- _Your instructions_:
Transcribe the lines below exactly, beginning with the line that holds "EXTERNAL CONNECTOR style" and ending with the final line, both included. Pictures are to be left out.

- _Data segment_:
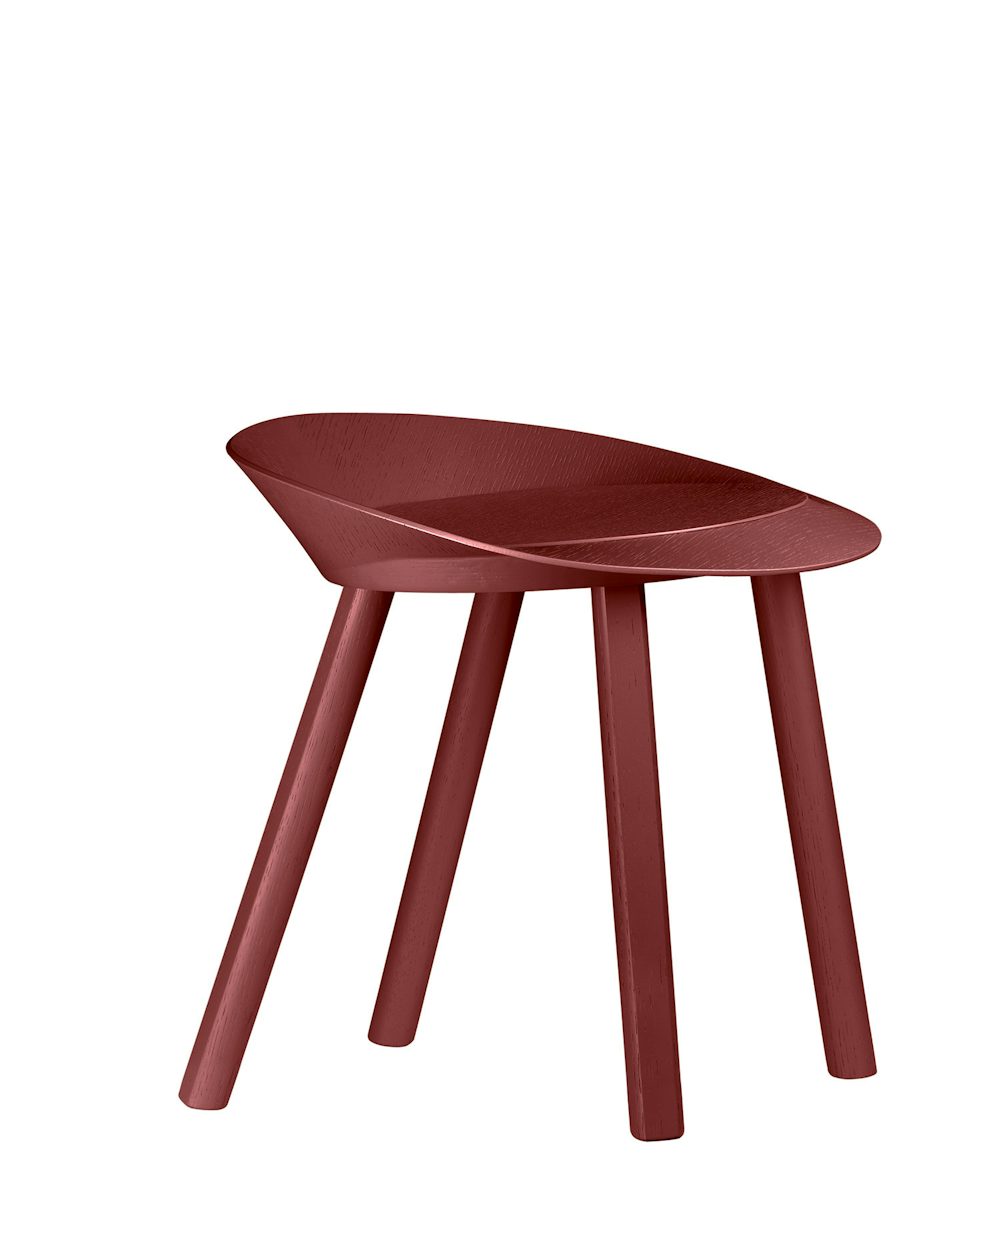 e15 mr collins stool in oxide red
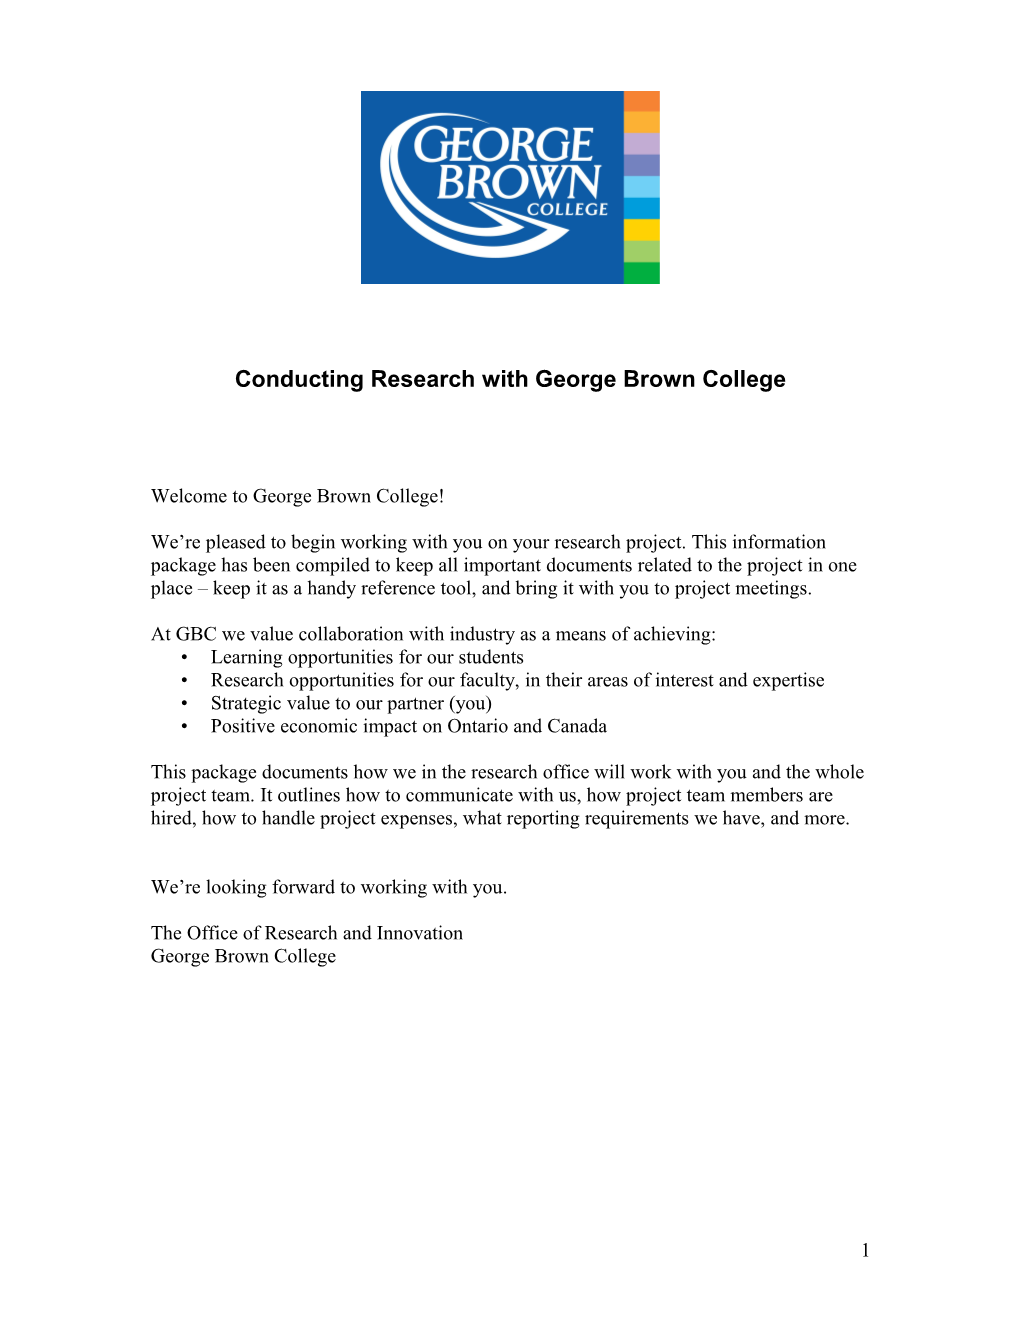 Conducting a Research Project with George Brown College
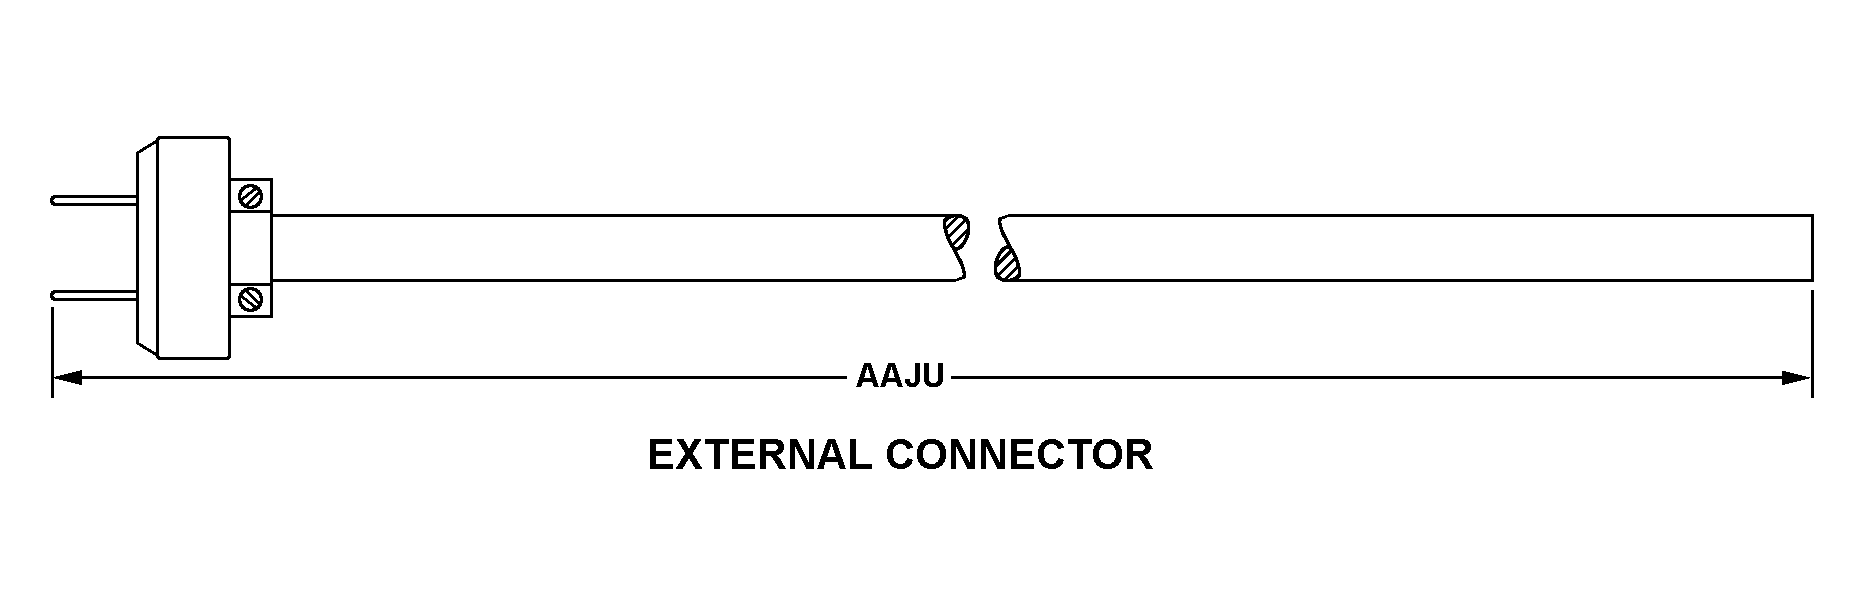 EXTERNAL CONNECTOR style nsn 6150-01-059-6771
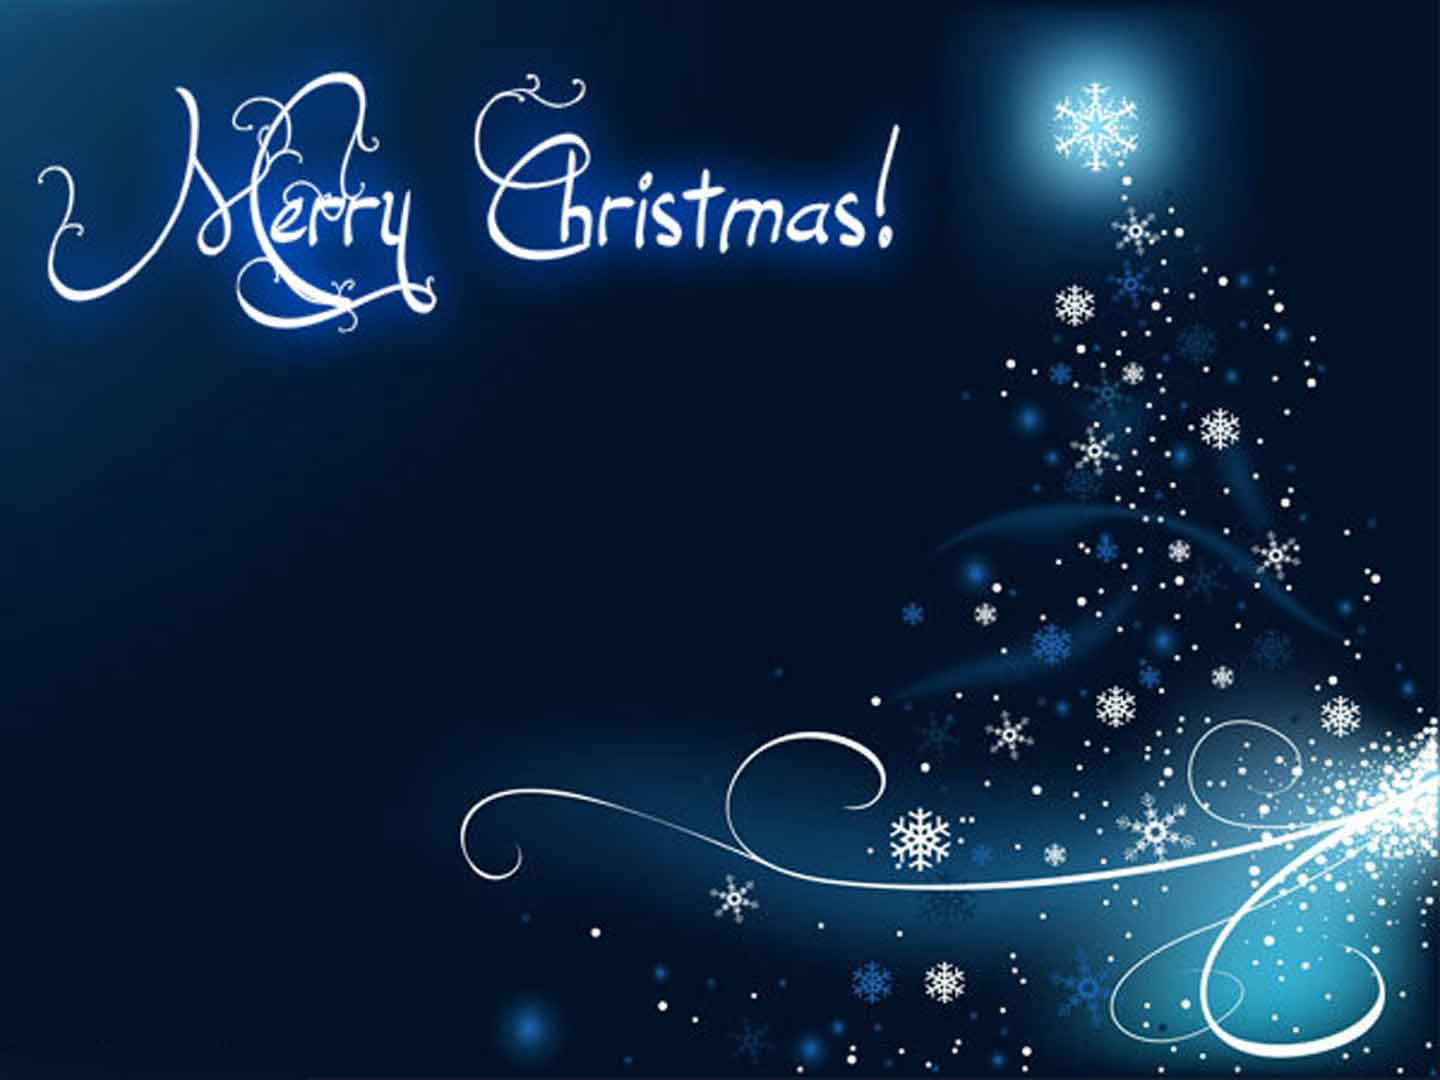 Christmas hd wallpapers free download

- _Your response_:
 EXTERNAL CONNECTOR style nsn 6150-01-059-6771
 Christmas hd wallpapers free download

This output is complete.